[EXTRACTED MATERIAL]:
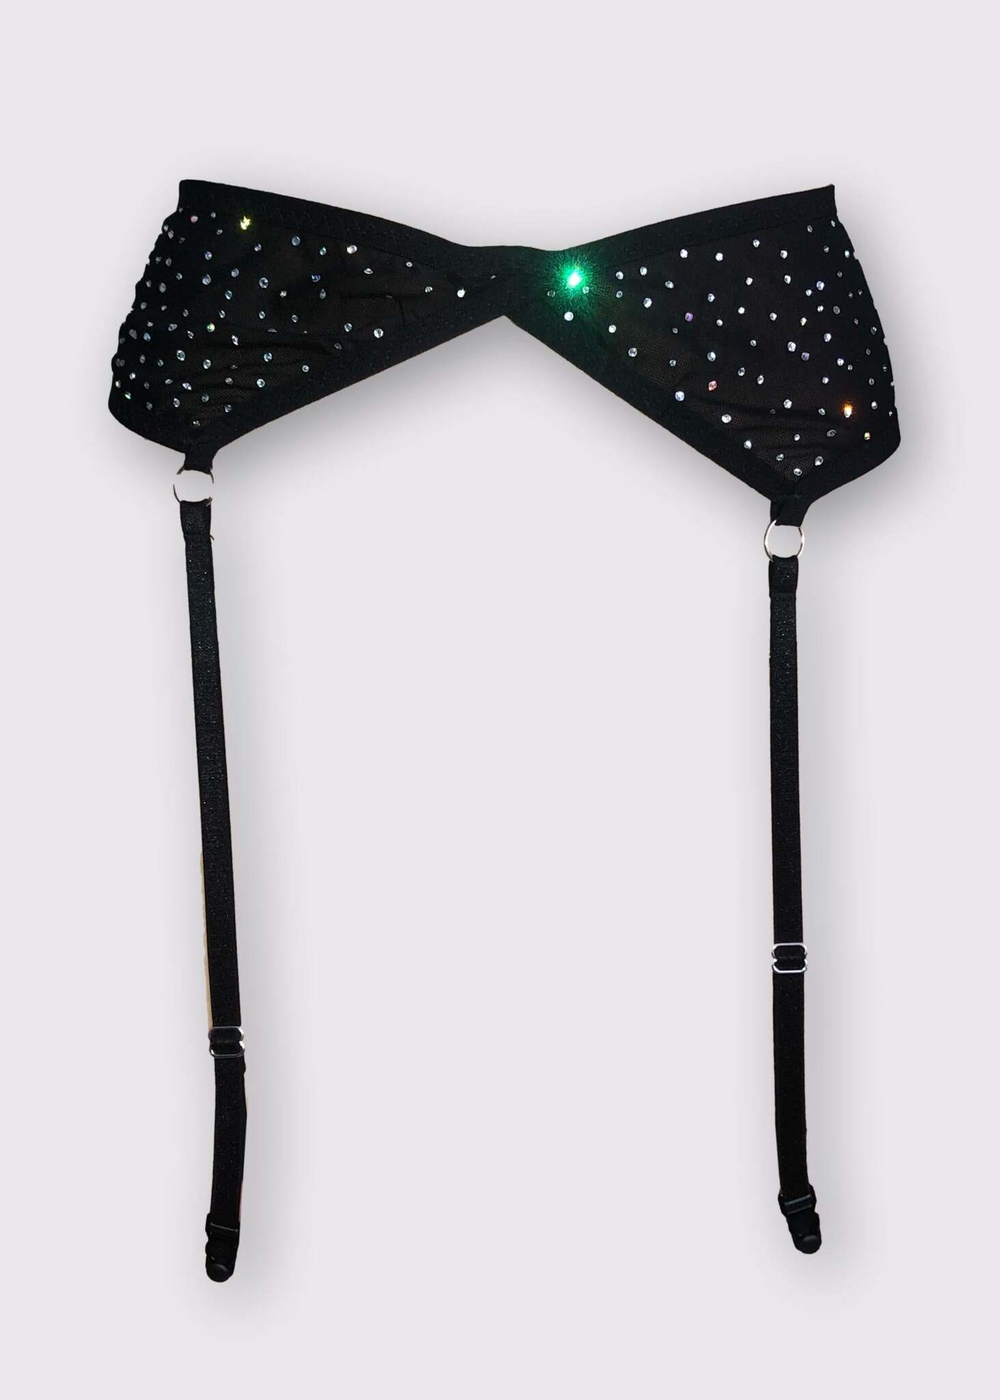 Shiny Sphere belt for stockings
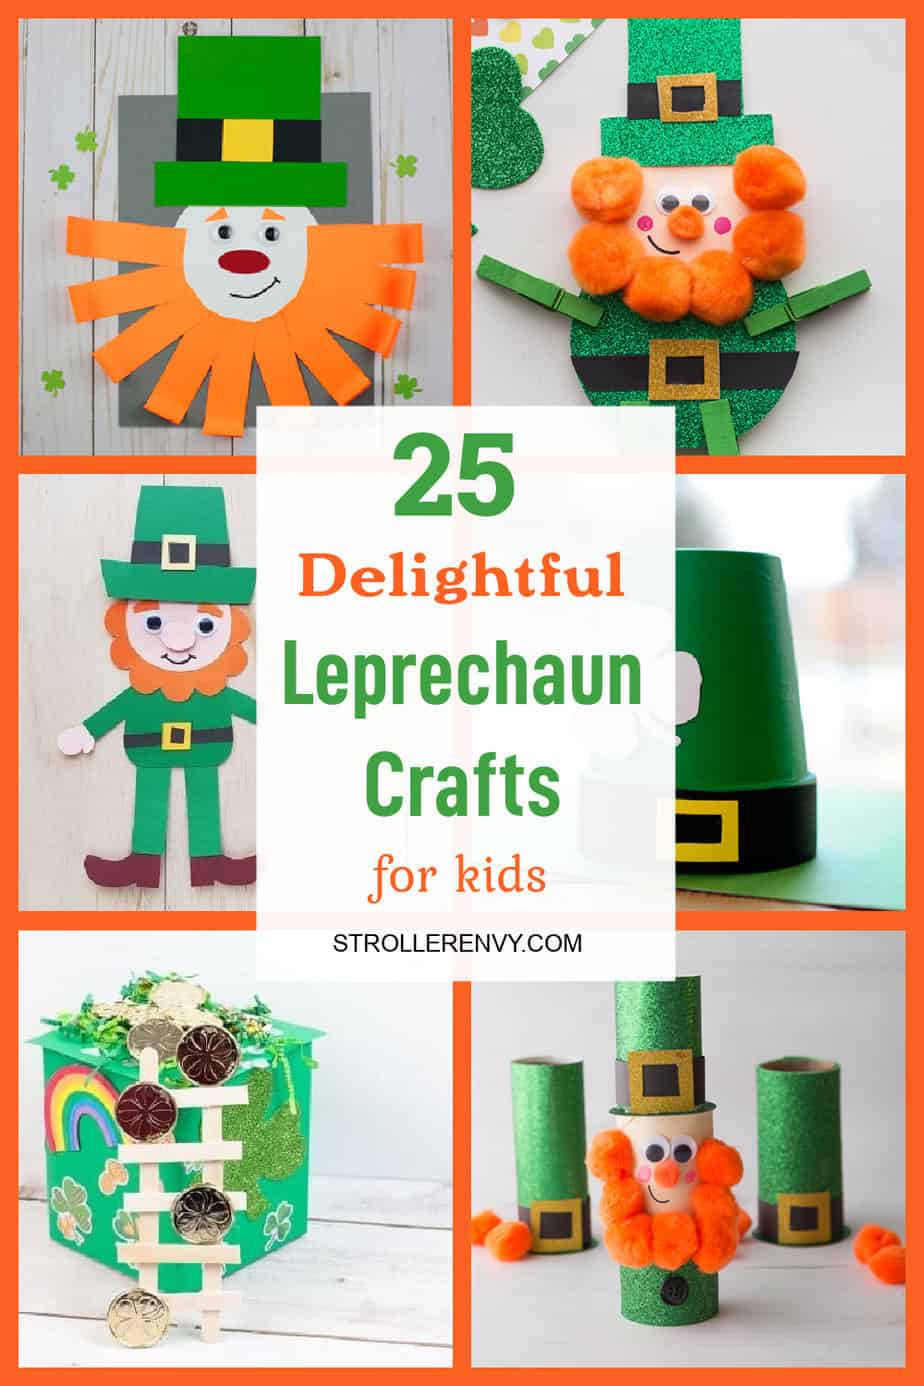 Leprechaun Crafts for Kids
---
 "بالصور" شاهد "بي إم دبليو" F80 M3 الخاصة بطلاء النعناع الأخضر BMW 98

[WORK REQUIRED]: Leaving all pictures out, output exactly the lines of the material above from the line with "Shiny Sphere belt for stockings" to the line with "Leprechaun Crafts for Kids", both included.

[EXERCISE RESPONSE]:
 Shiny Sphere belt for stockings
 Leprechaun Crafts for Kids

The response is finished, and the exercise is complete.